As Johnson calls "Gravity" to a close over some genuinely warm organ swells, he calls a friend up from the big table directly in front of where the band's set up. She's unassuming, her hair pulled back into a long braid down her back. Grey sweater, cordoruoys. When she starts belting out a jump blues, the guitarist chunking chords behind her, she reveals a fine jazz voice with a good deal more growl than her modest appearance would suggest.

Nothing's out of place in the music, but nothing's risky either. But then again, where a good stage show might make up for rudimentary musical ability, you can't discount how much a humble and kind of endearing squareness can enhance serious chops. Dizzy are so utterly unpretentious in the way they go about swinging easily through tunes that you can't hold their total appropriateness against them.
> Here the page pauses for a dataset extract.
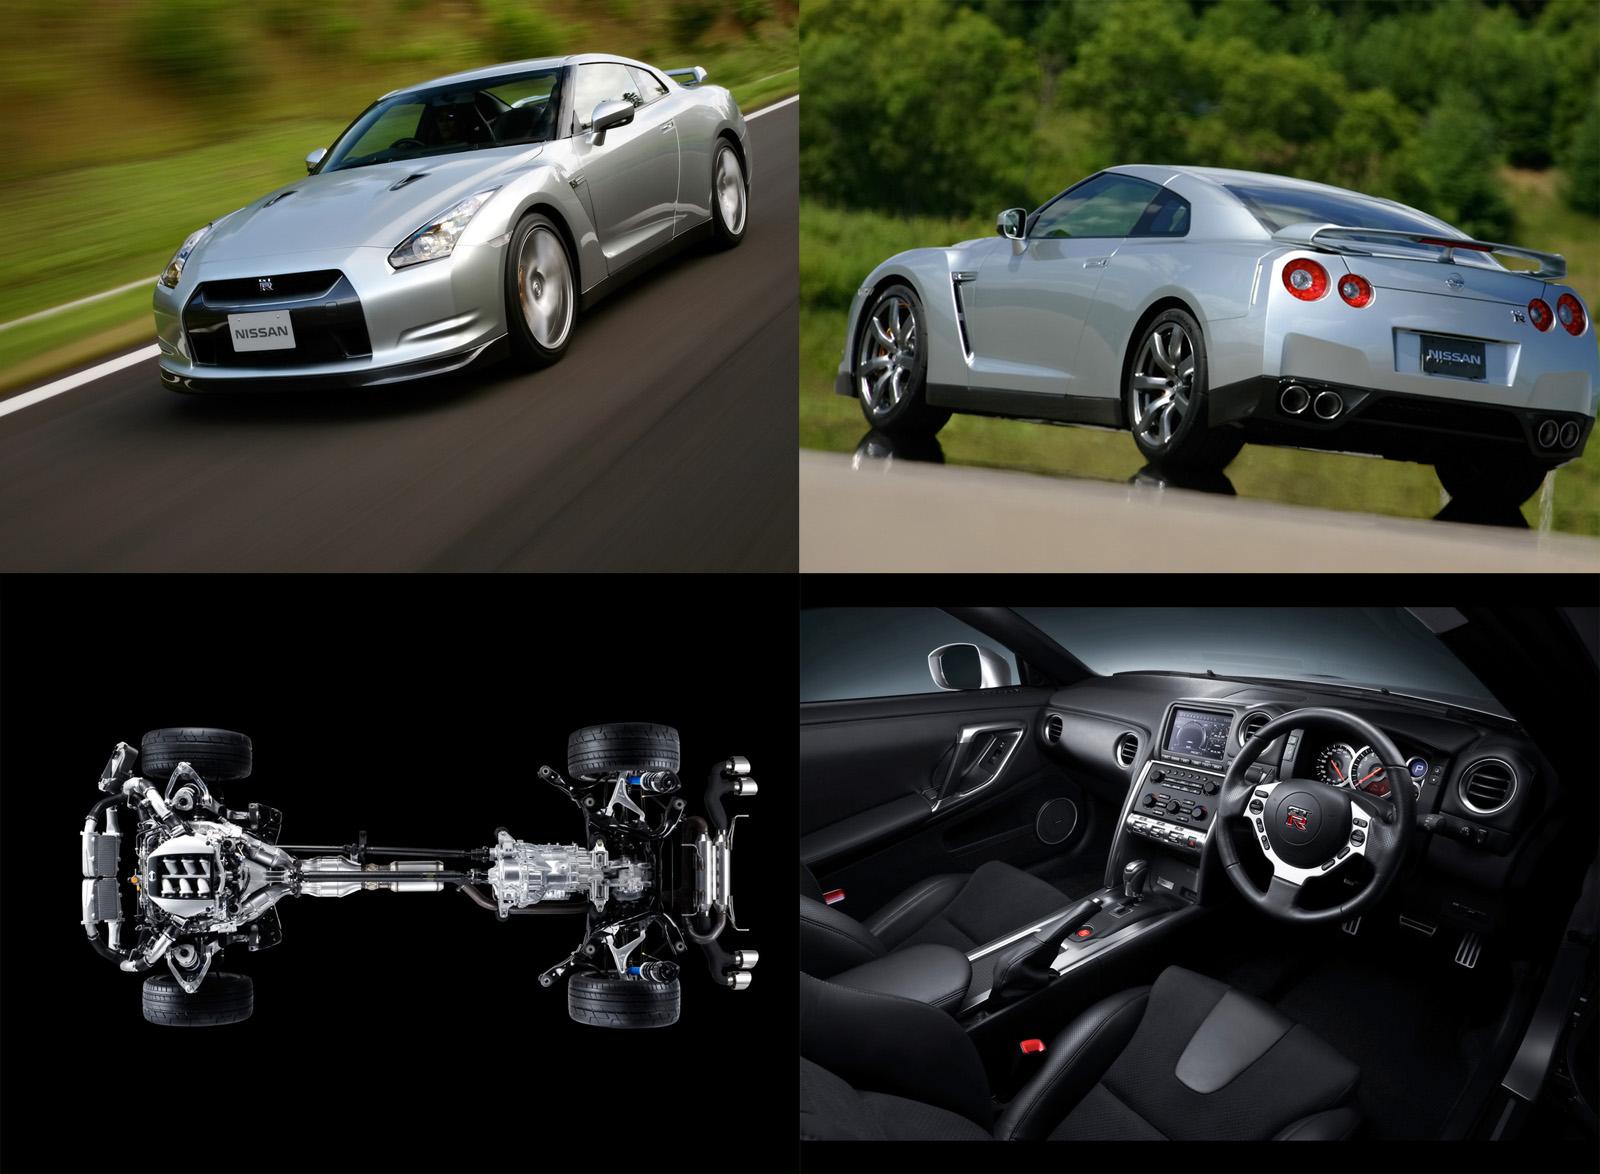 http://2.bp.blogspot.com/_ok92T4mBPv0/S_tQ2rVG_BI/AAAAAAAAAMg/6aBVxOs9jIc/s1600/14204-2009-Nissan-GT-R.jpg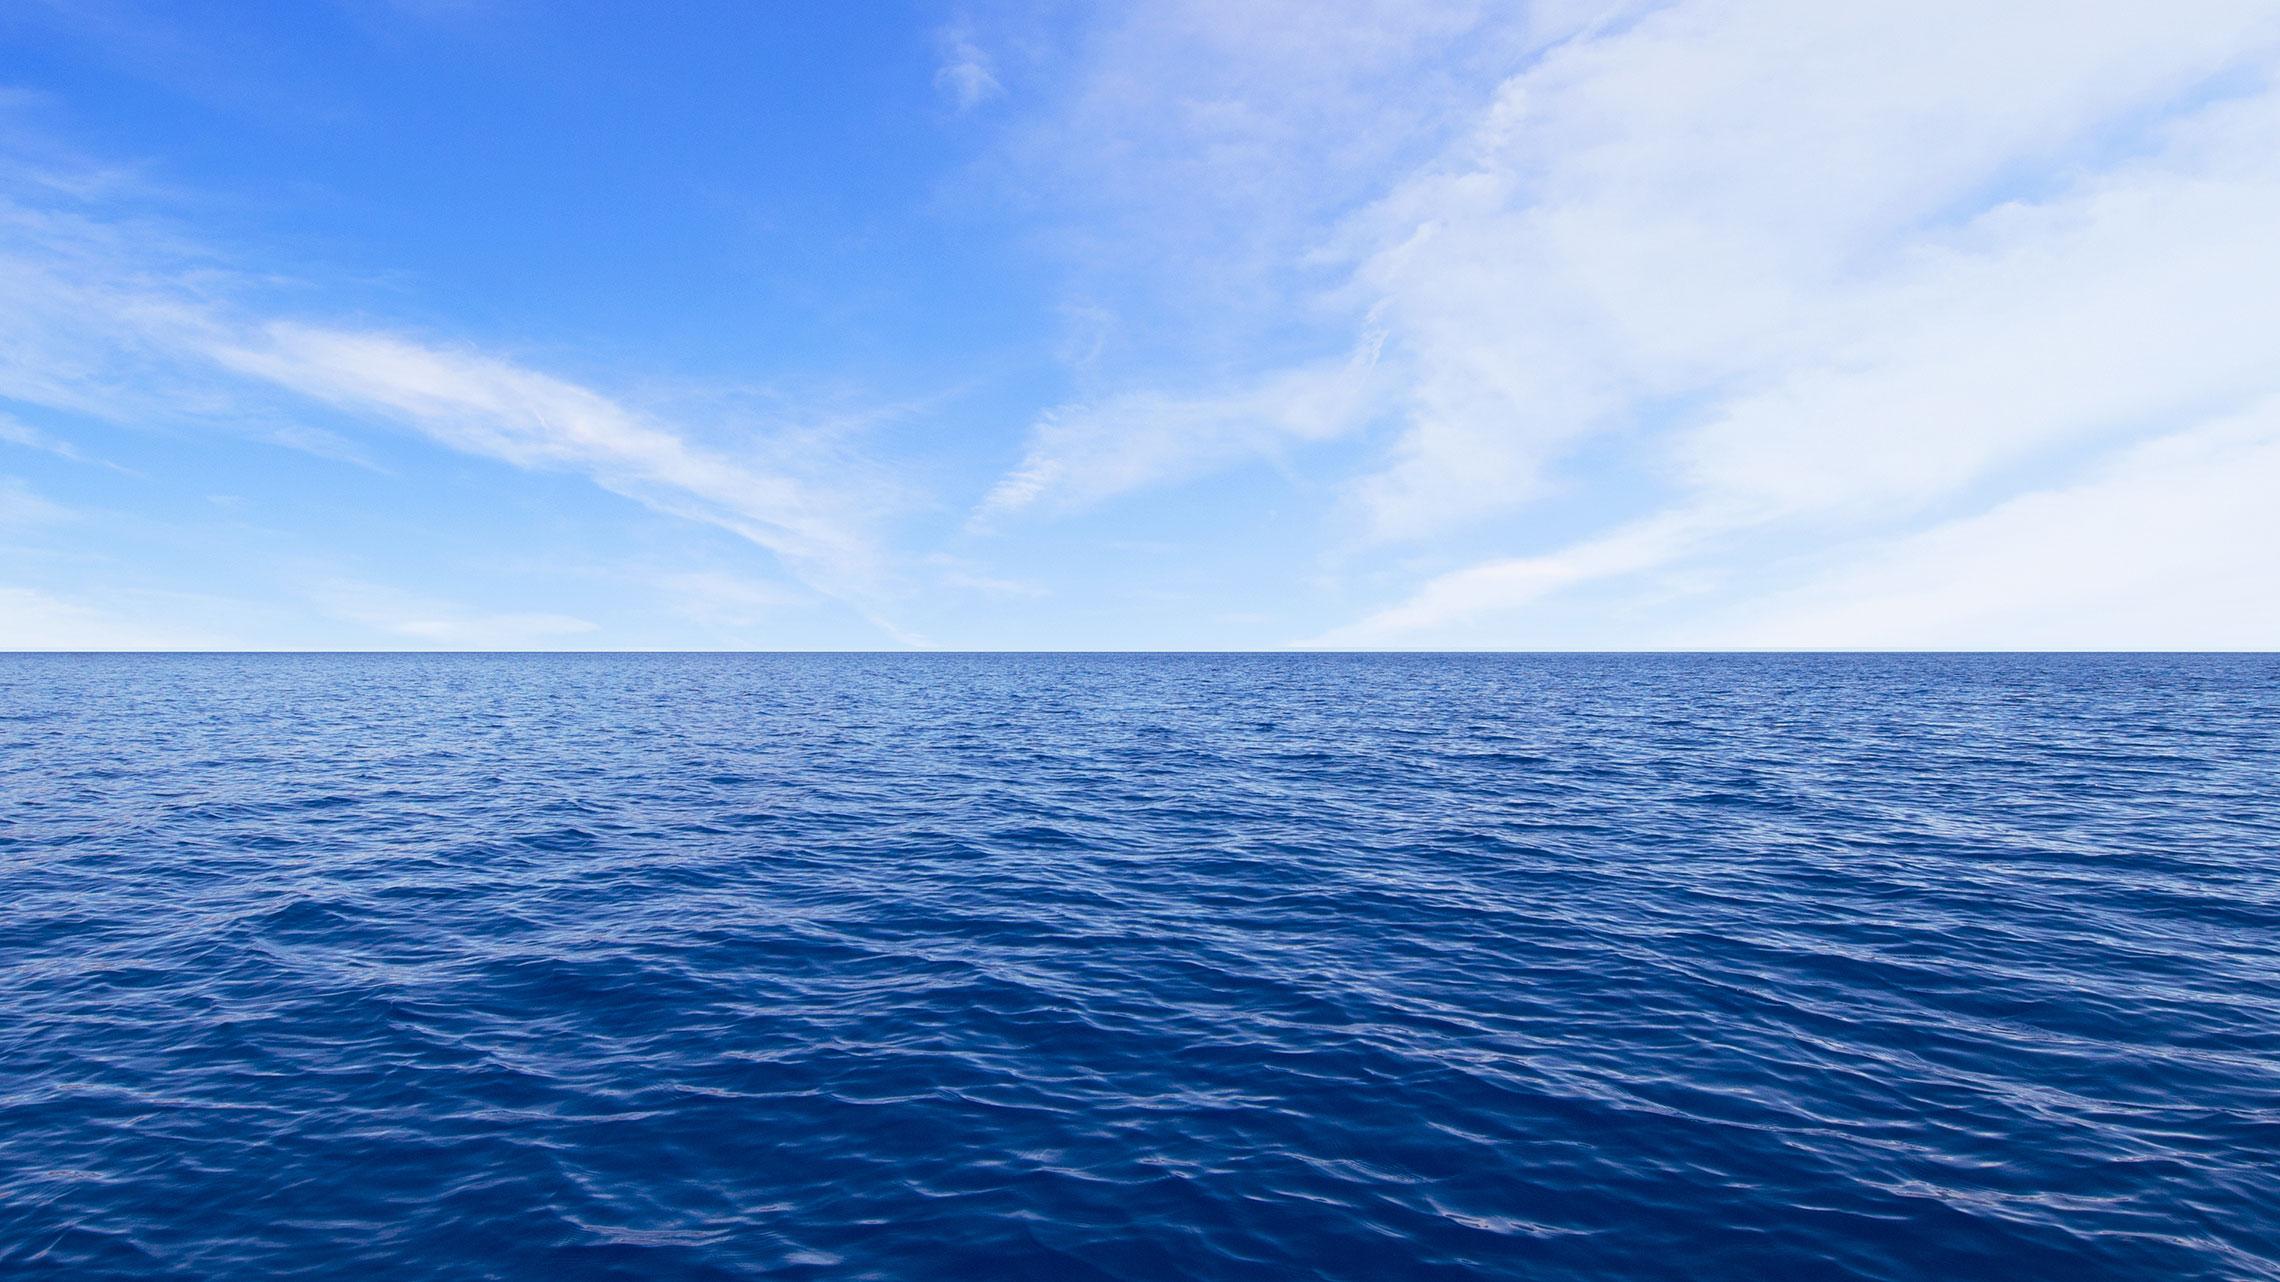 Oceans Business Week

Not that all standards are completely appropriate; Cole Porter was a genius, but there's always something a little creepy about "My Heart Belongs to Daddy." When Johnson rejoins the band after a short break, they slide easily into "Nobody Knows You When You're Down and Out," perhaps best known in its version from Derek & the Dominos' Layla, but it's actually an almost ancient tune, written in 1923 by Jimmy Cox and popularized by the Empress of the Blues, Bessie Smith. And again, Dizzy renders it with pure class.

Of course, when you're covering material, every song is a roll of the dice. "Hallelujah" doesn't work nearly as well, bearing nothing of the shredded ache of Jeff Buckley's version, nor the stoic questioning of Cohen's original. The swung, gospel bluesiness sounds vanilla and matte, without real character.

But they quickly slide back into the pocket, the guitarist picking up a trumpet, and once again, a nonchalant approach to soulfulness doesn't seem like such a crime. The band's enjoying themselves, nodding along to each other's leads, the modest but attentive audience bursting out into sharp rolls of applause at each solo's conclusion.